Yassmin Abdel-Magied AMIMechE, Well Engineer, Shell
Why did you decide to become a mechanical engineer?
After seeing a film about racing as a child, I wanted to be the first female, black, Muslim F1 driver – so it was my love of motorsport that got me interested in mechanical engineering initially. And I’ve always wanted to make a contribution to the world. I was born in Sudan, so know that people need solutions to real world problems so they can improve and empower their lives.
What course did you study, what degree type, and where?
I studied Mechanical Engineering at Queensland University in Australia. For my thesis, I designed and helped build the chassis for the car we entered into IMechE’s Formula Student competition.
How has your course helped you?
You really learn the basics when you study mechanical engineering. It teaches you how to think and solve problems. Really importantly, you learn how to work with people from lots of different backgrounds.
Describe a typical day for you as a mechanical engineer?
The cool thing about a job in mechanical engineering is that there is no typical day. Generally, my current role has two sides to it; onshore and offshore. When I’m onshore, I spend my time helping to prepare for drilling projects, working with geologists to understand what’s under ground and then figure out the best rig for each hole.
When I’m offshore working on a rig, I’m supporting the Drilling Supervisor, organising people to get the job done right and designing solutions to make things happen. It’s hard work but definitely fun and exciting to see our plans turn into reality.
What’s the most exciting thing you’ve ever done in your career?
A couple of things stand out. For one particular project, where we were drilling for gas, we needed to drill 3,000 metres underground to hit a 16-inch target. It took four months of long days, and a big group of people, but we managed it in record time. The sense of achievement within the team was awesome.
My involvement in the Formula Student competition was also very satisfying. It was great to design and build the car, and then see it actually raced!
What do you like most about your job?
I never know what’s going to happen next. Even with lots of planning, drilling is unpredictable by nature, so you often get interesting problems to solve. I also like getting to work with lots of different kinds of people from all corners of the world – from Trinidad & Tobago to Houston, USA. You get to hear some amazing stories!
Do you get to be creative?
I’d say creativity is the basis of engineering. It’s about design, albeit underpinned by physics, and needs creativity to take it from an idea to reality.
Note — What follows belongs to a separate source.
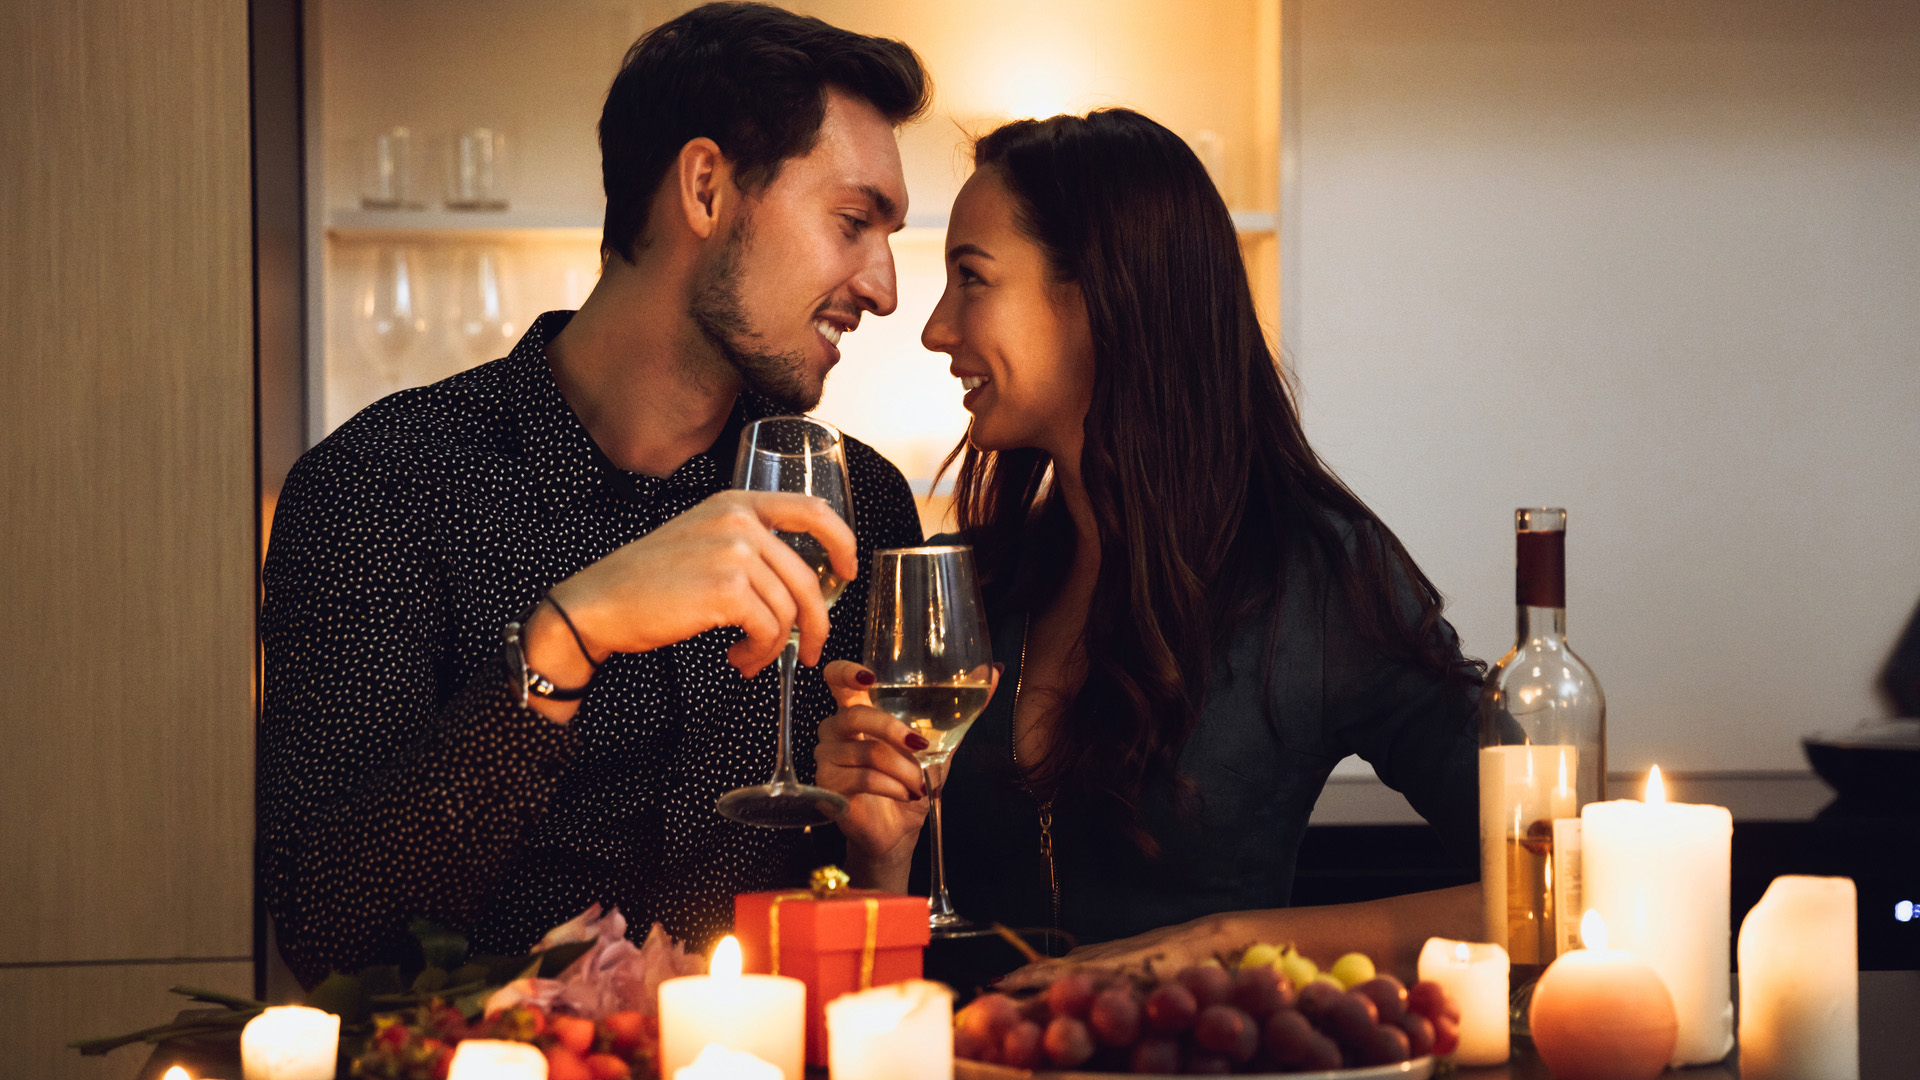 Brunette man and woman sitting close to each other while holding wine glasses and looking into each others' eyes. Lit candles

Have you worked overseas? If not, do you have plans to?
Even in my short career, I’ve had lots of opportunity to travel in my job. So far, I’ve been to Malaysia, Houston, the Netherlands, Brunei, and Australia.
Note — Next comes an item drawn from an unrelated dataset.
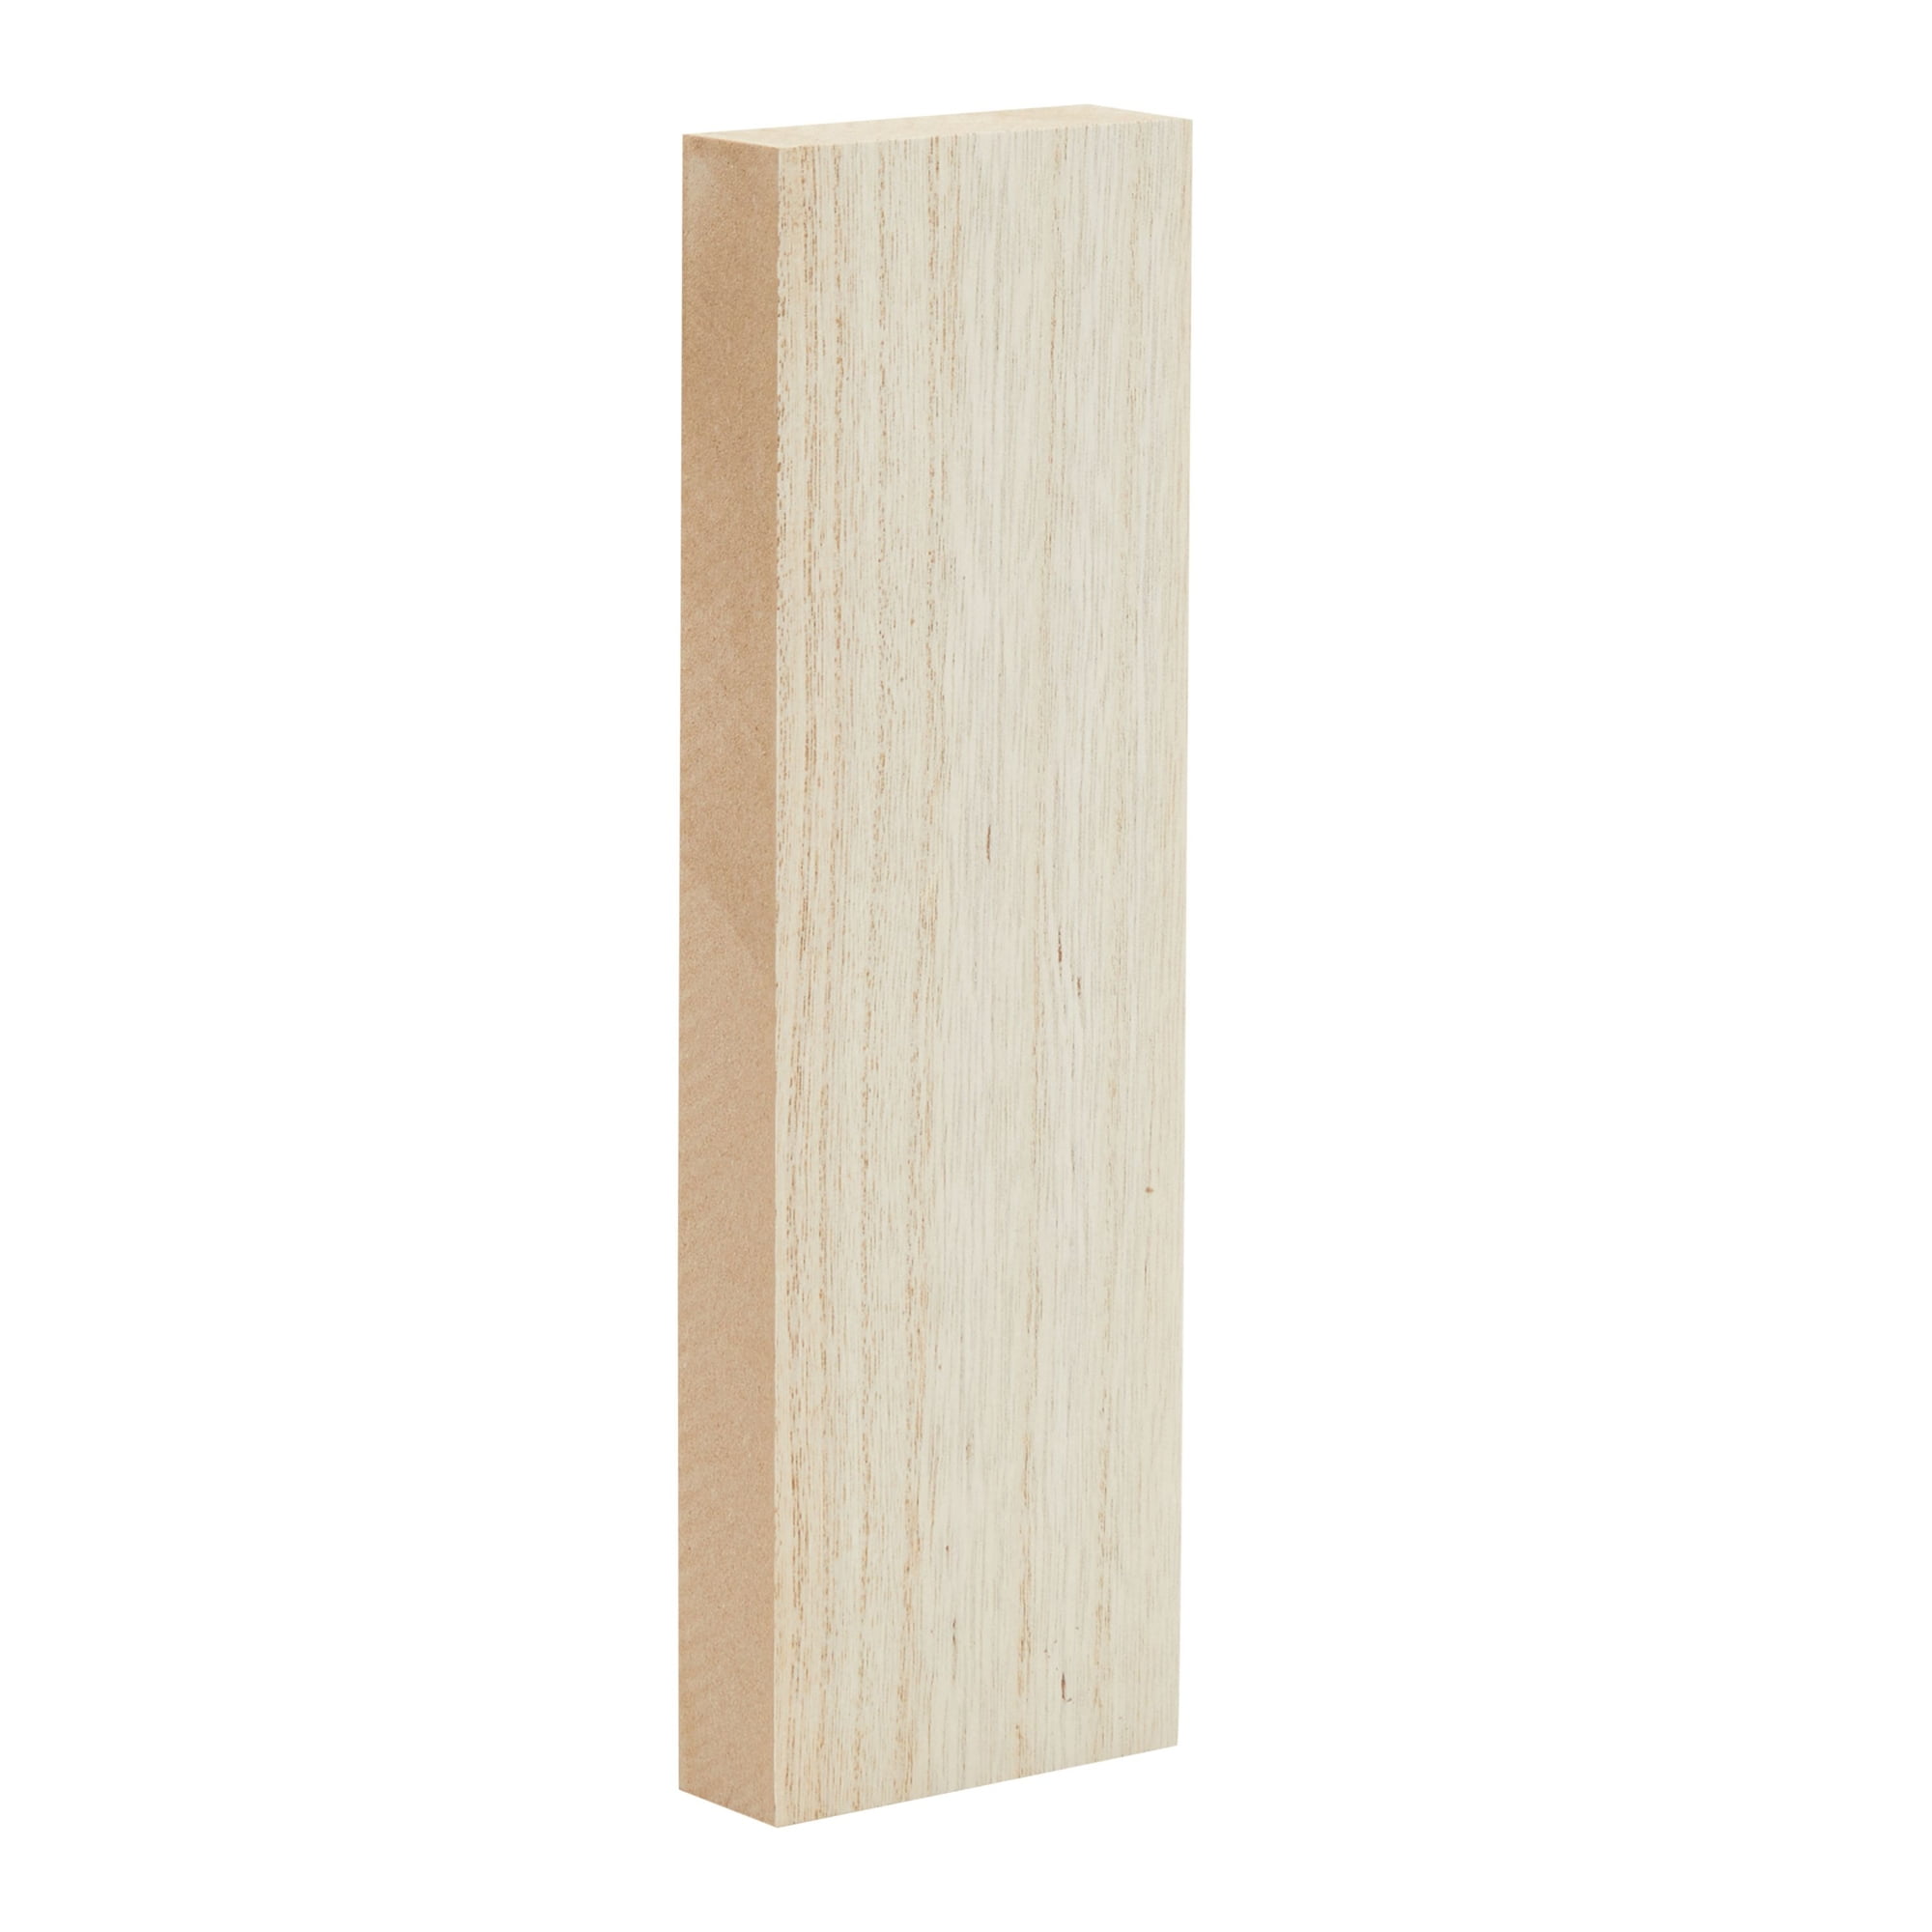 Whittlewud Pack of 10 Pieces wood board, can be used for wedding

What are your plans for further professional development?
At the moment, I’m focussed on being the best Well Engineer I can be. After that, who knows? I might move into more of a management role, or consider government relations. I’m planning to become a Chartered engineer, because Chartered status is recognised everywhere in the world.
What do you like most about the profession?
There are lots of things. No two days are the same, you get to work with all kinds of people, do that in all sorts of places, but above all, you’re solving problems to create a better world for people.
What contribution do you think mechanical engineers make to society?
Mechanical engineers already make a big contribution to society, and I think that contribution can only get bigger. It will be mechanical engineers that debate and solve the most significant problems the world is facing. From tackling climate change, to overcoming water and food shortages, I believe we have the mix of creative, analytical and practical skills needed to meet these huge challenges.
What advice would you give a young person considering a career in mechanical engineering?
Do it, do it, do it! Studying mechanical engineering gives you the foundations on which to build a career that benefits both you and the wider world. The first couple of years are tough because you’re learning so many new things. But push through that because the rewards are so worth it. And don’t let anyone tell you that you can’t do it – believe in yourself and then others will too.